Subtitled: A Red Sox Fan's Diary of the 2004 Season

Close your eyes and try to remember October 2004. If you are a sports enthusiast, you'll remember that this was the year the Boston Red Sox did the improbable: they came back from a 3-0 deficit to beat the Yankees and then went on to sweep the Cardinals in the World Series. This is the stuff that dreams are made of...that is, if you're not a Yankee or Cardinal fan. Don't we all like to cheer and root for the improbable to happen? Well, maybe if we aren't fans of the favored team.

This is one fan's journey. In Bleeding Red you will relive the whole year, from spring training straight on through the World Series, through the eyes of a Red Sox aficionado who gives a blow-by-blow account of some of the season's most important games. To say that author Derek Catsam is a Red Sox fan is an extreme understatement. In his short bio on the back cover it talks about when he is not "obsessing" about the Red Sox. That is a very apt description. He recalls his love for the team from a very tender age and some of the Red Sox Hall of Fame players.

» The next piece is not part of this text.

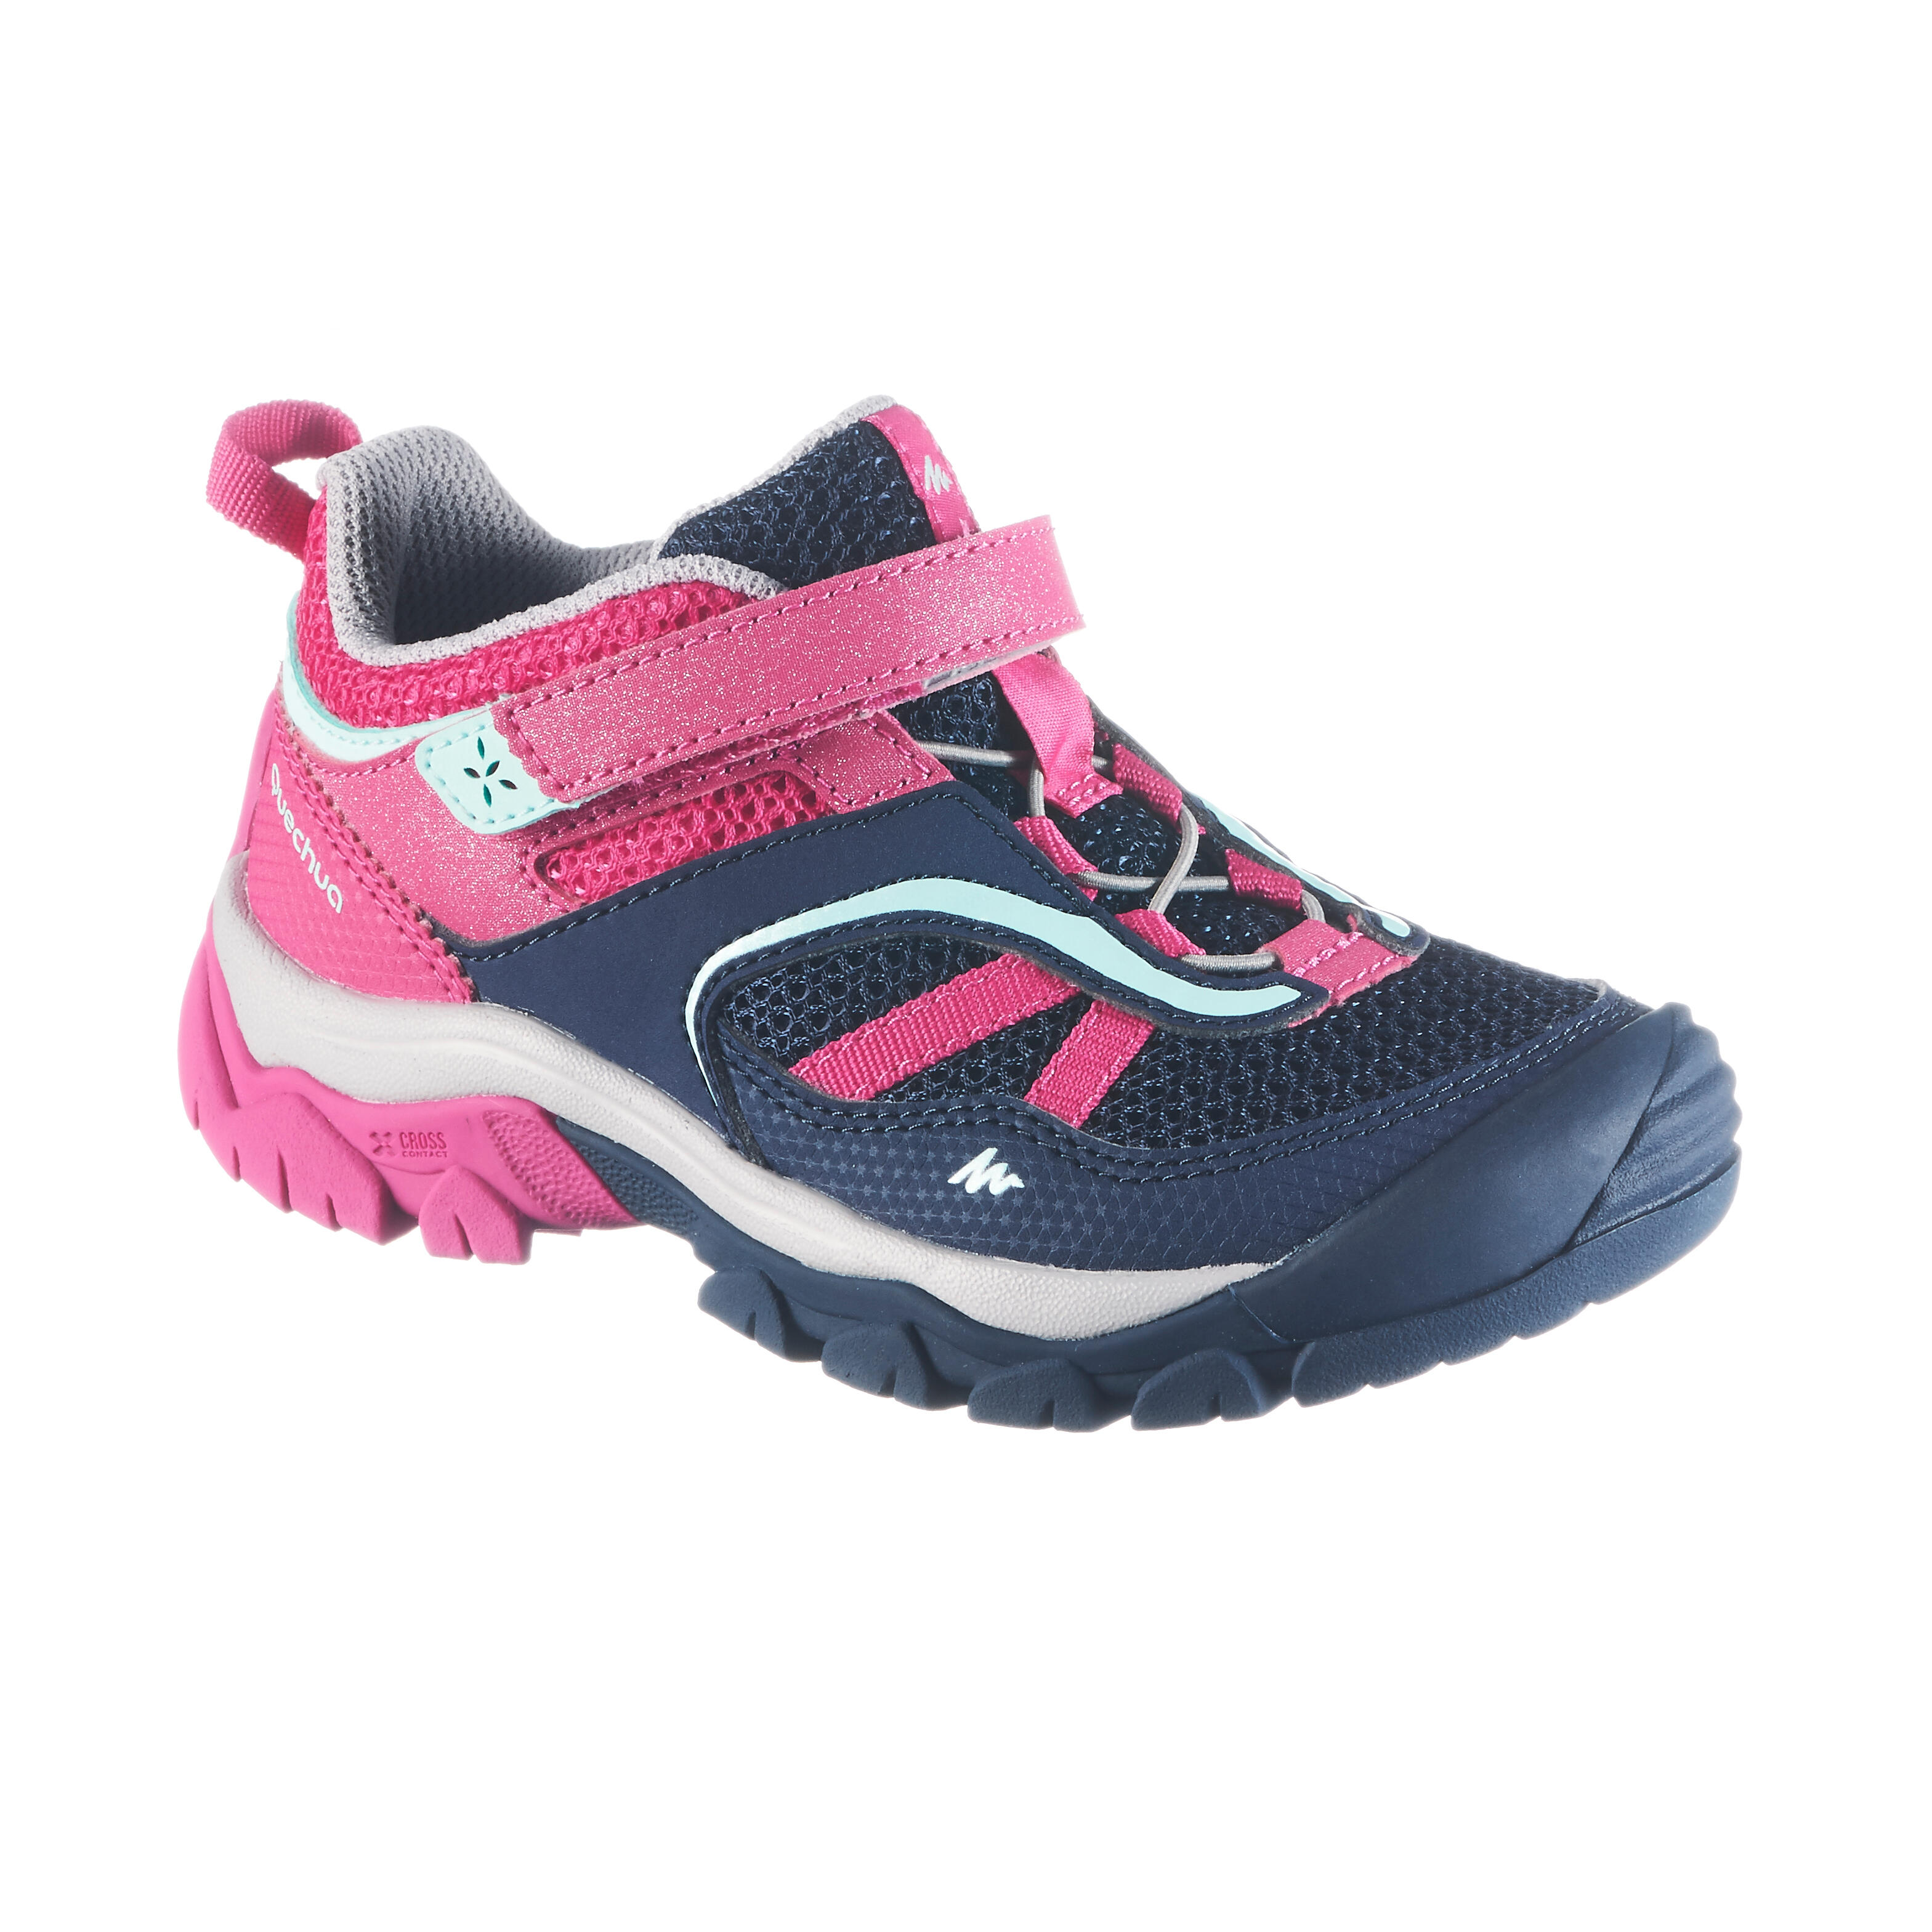 Zapatillas de senderismo en montaña niña Crossrock KID Azul/rosada

It is also interesting to note that geography informs not only the author's choice of baseball team, but any sport. So not only do you get some history on the Red Sox, but also the Boston Bruins, Celtics, and Patriots.

Something else we learn from the back cover bio is that Catsam is a university assistant professor whom has many connections to other institutions. His choice of words at times can be very erudite and apropos. I found, though, that when expressing his anger or disgust at umpires, players, or teams, his vocabulary gets reduced to a very narrow and vulgar range. Given the learned individual that Derek Catsam is, the reader deserves better. Catsam himself deserves better. And certainly the hard-fighting and big-hearted Red Sox deserve better.

Overall, this story of an underdog team's amazing season definitely deserves to be told-- but not as it is, marred by incessant profanity.

Armchair Interviews says: Baseball fans--this is a good story (with an alert about language).